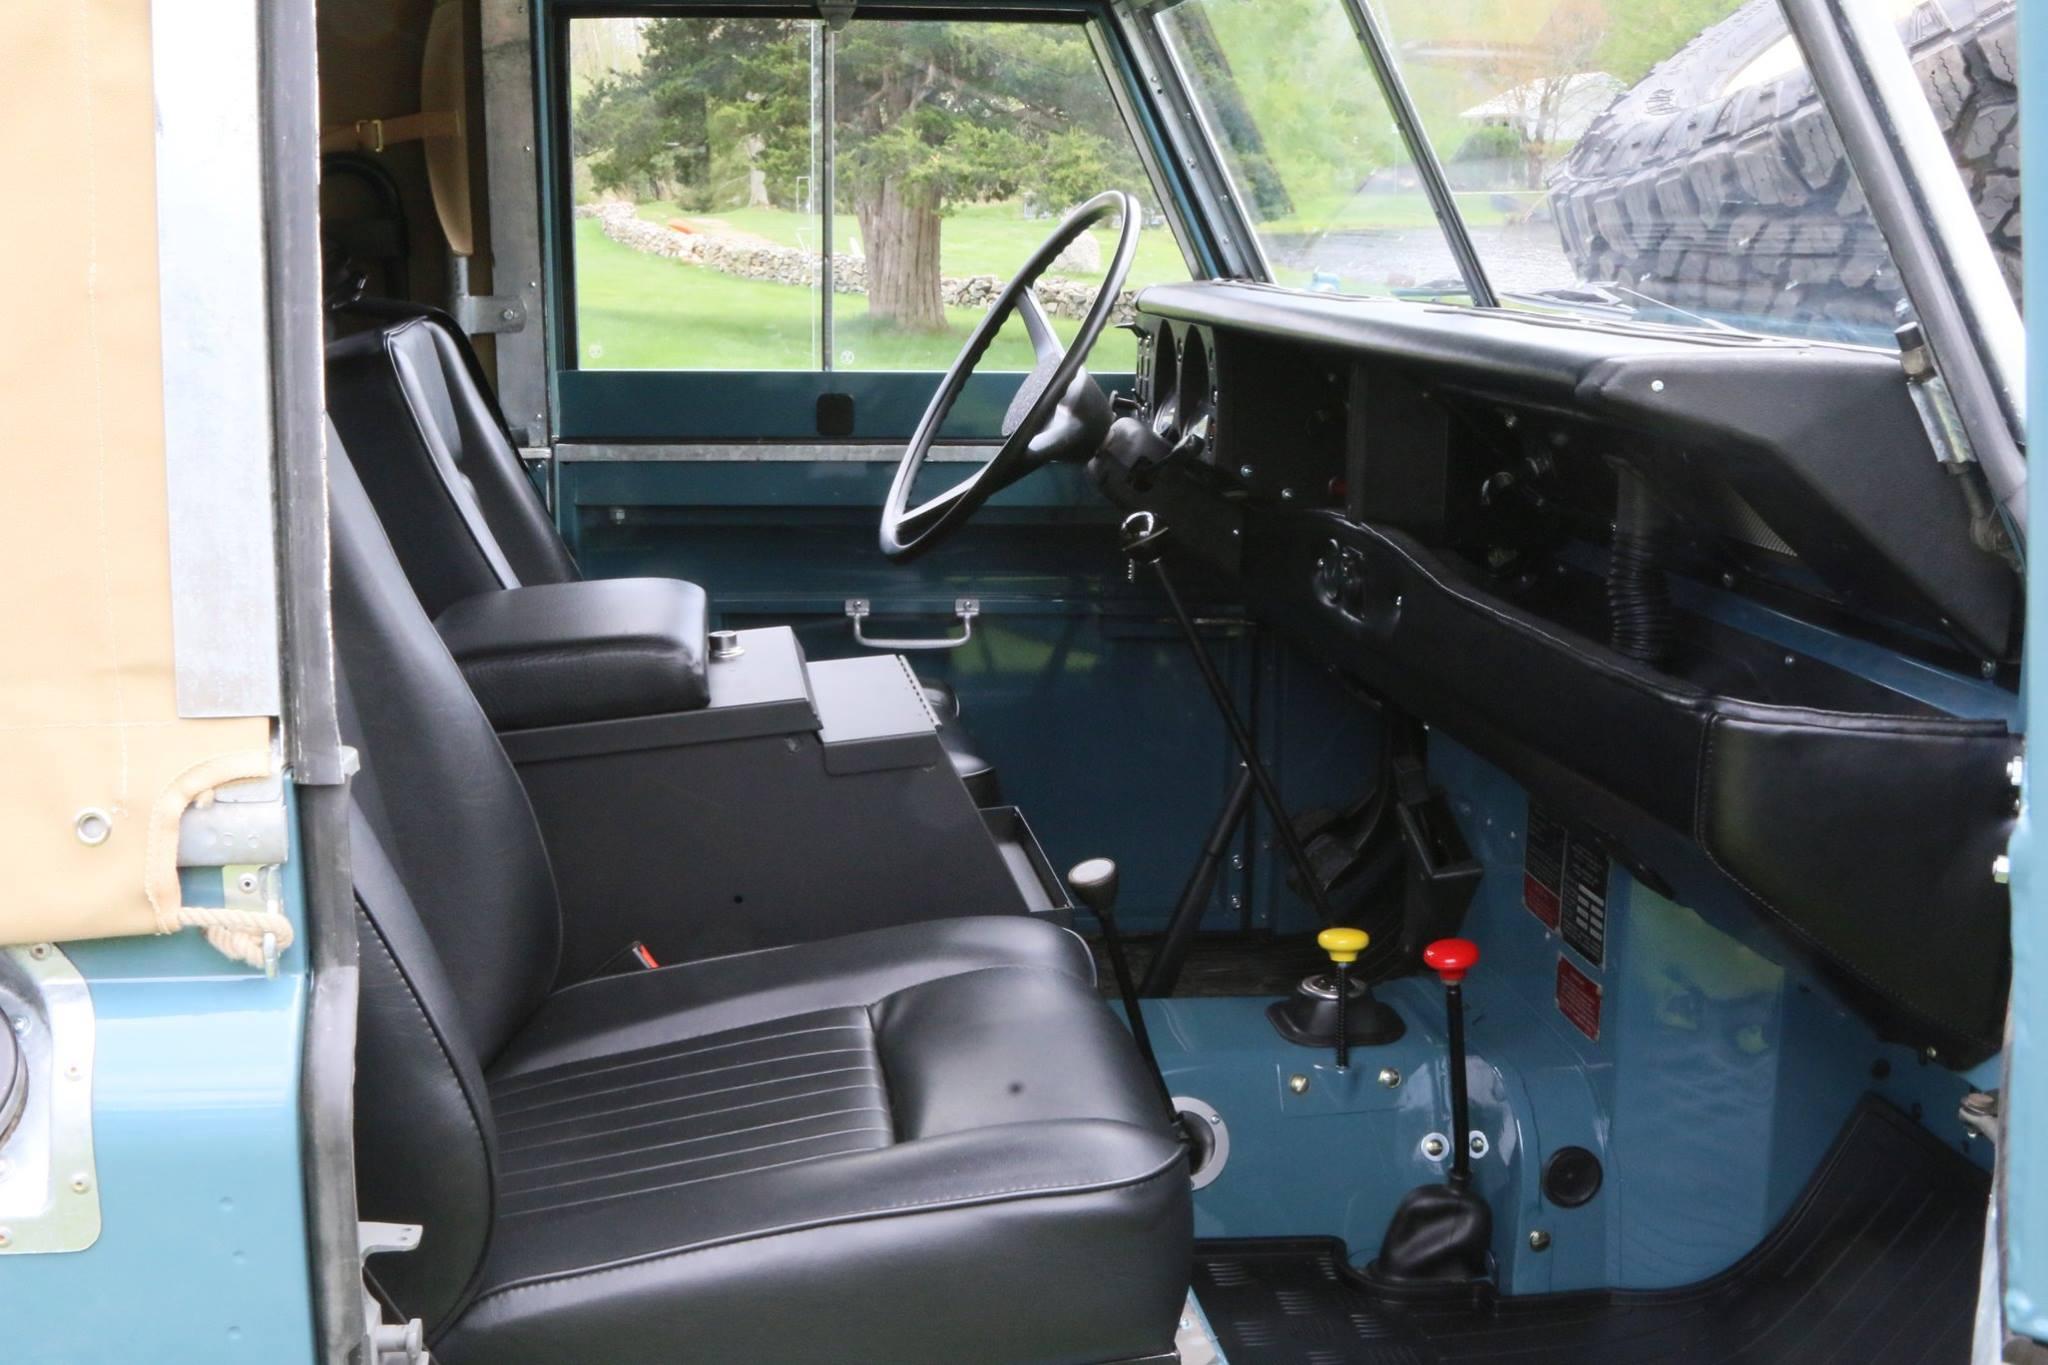 1973 Land Rover Series Iii Marine Blue North America
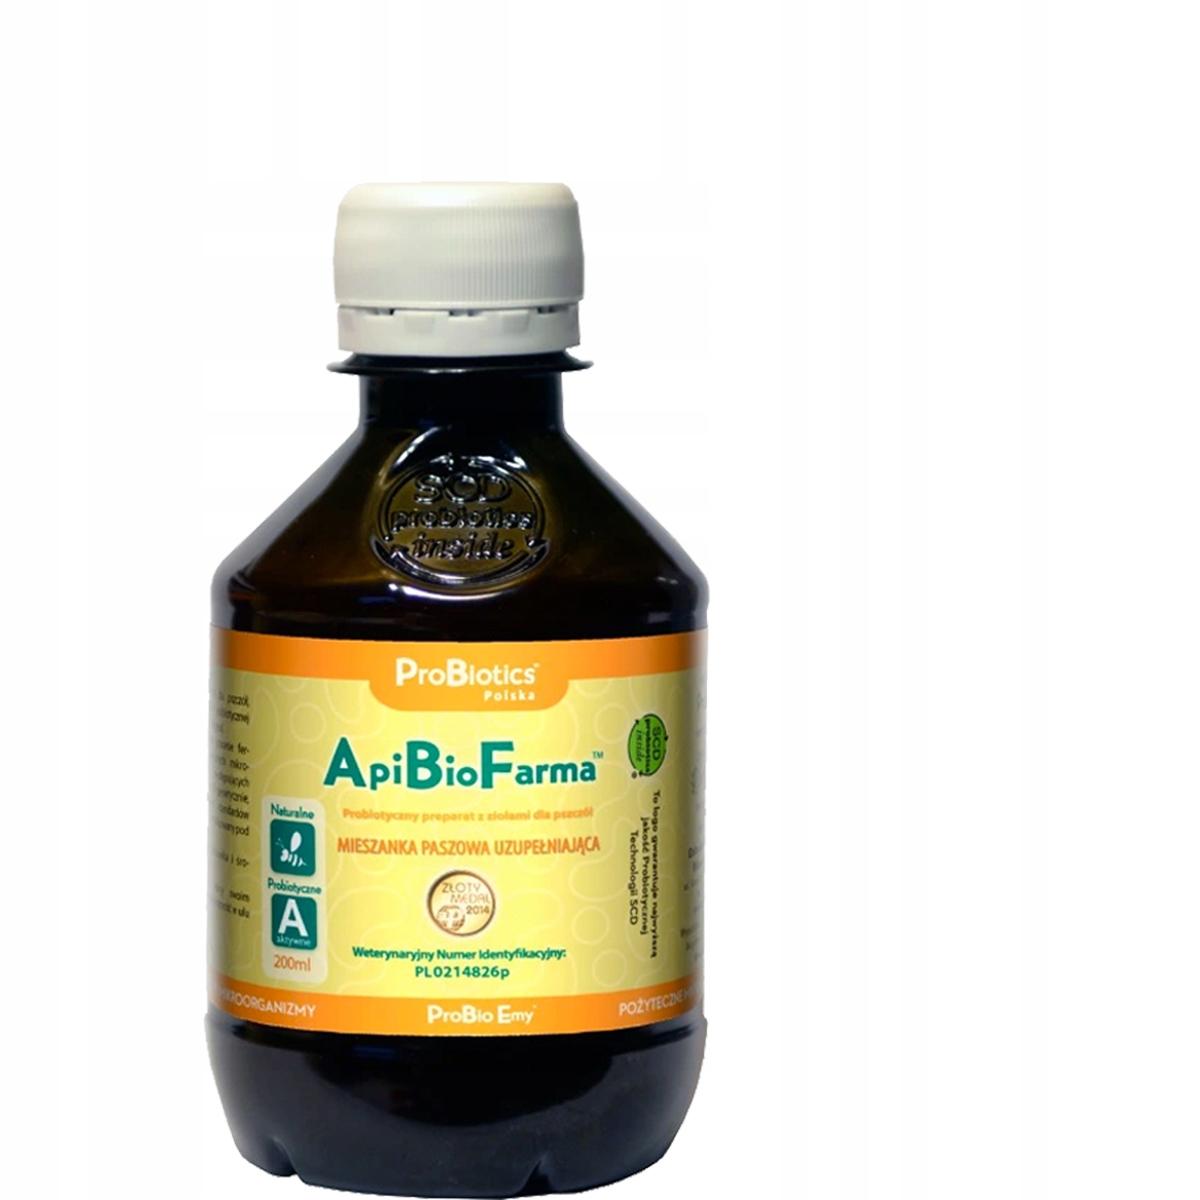 SUPER Probiotyk WZMACNIA pszczoły ApiBioFarma 0,2L
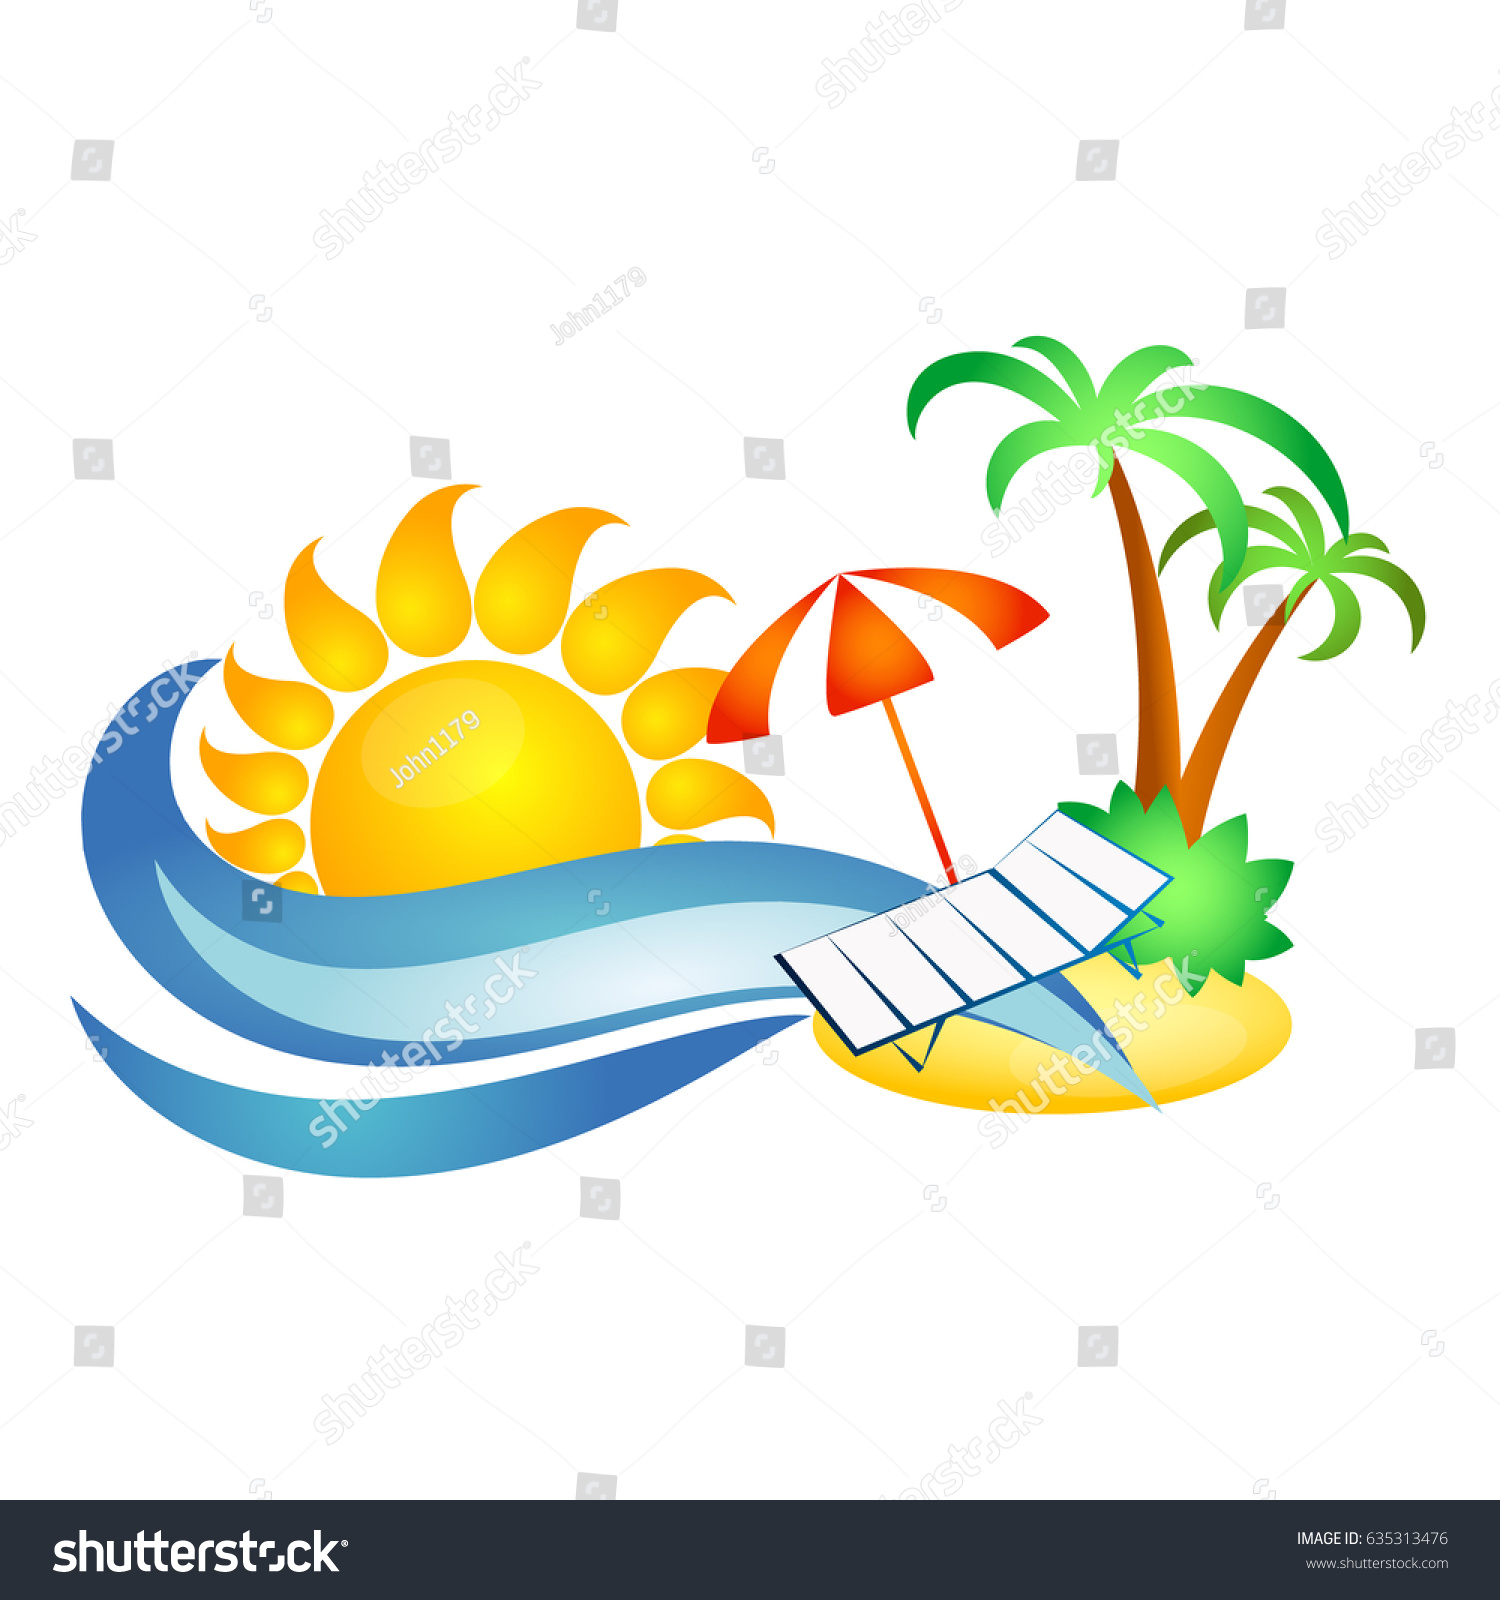 Symbol travel recreation sun sea wave stock vector 635313476 symbol for travel and recreation sun and sea wave palm trees and chaise longue biocorpaavc Choice Image
◆ ◆ ◆ ◆
**What to work on**
None of the pictures should be kept; reproduce all the remaining material exactly.

**Finished exercise**
 1973 Land Rover Series Iii Marine Blue North America
 SUPER Probiotyk WZMACNIA pszczoły ApiBioFarma 0,2L
 Symbol travel recreation sun sea wave stock vector 635313476 symbol for travel and recreation sun and sea wave palm trees and chaise longue biocorpaavc Choice Image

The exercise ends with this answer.